As has been seen before, projections are more accurate at forecasting batting stats than pitching stats, and virtually every system out there does much better than simply using 2012 data. Comments and feedback welcome, in comments below, or you can e-mail me: geoff at rotovalue dot com.

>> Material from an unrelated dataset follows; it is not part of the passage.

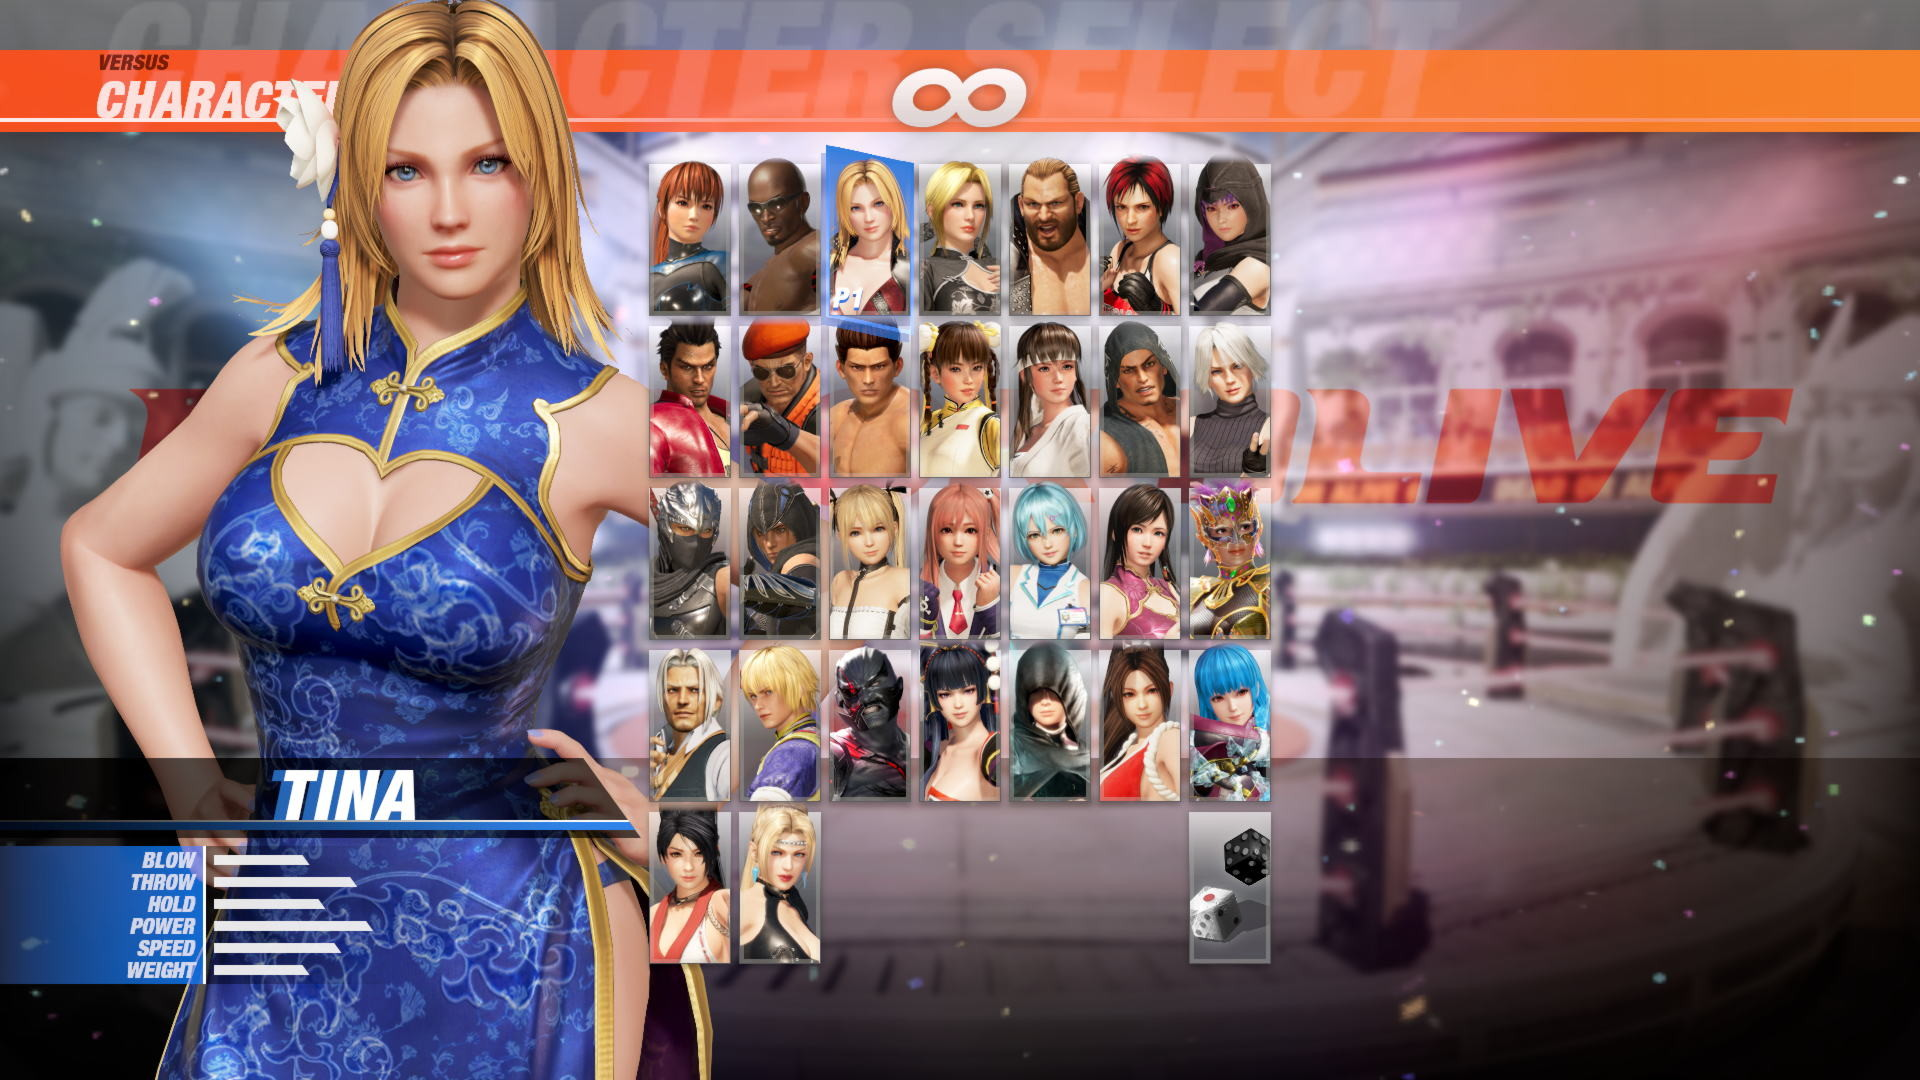 [Revival] DOA6 Alluring Mandarin Dress - Tina screenshot

While I did try my best to be accurate, it is possible that I made some mistakes in uploading the data, trying to match names in the files with players in my own database. I conclude by thanking Dr. Larson for compiling and making so much data available, Brian Cartwright, for sharing Oliver with me, and Tom Tango, for pointing me to Dr. Larson’s site and his feedback on the methodology.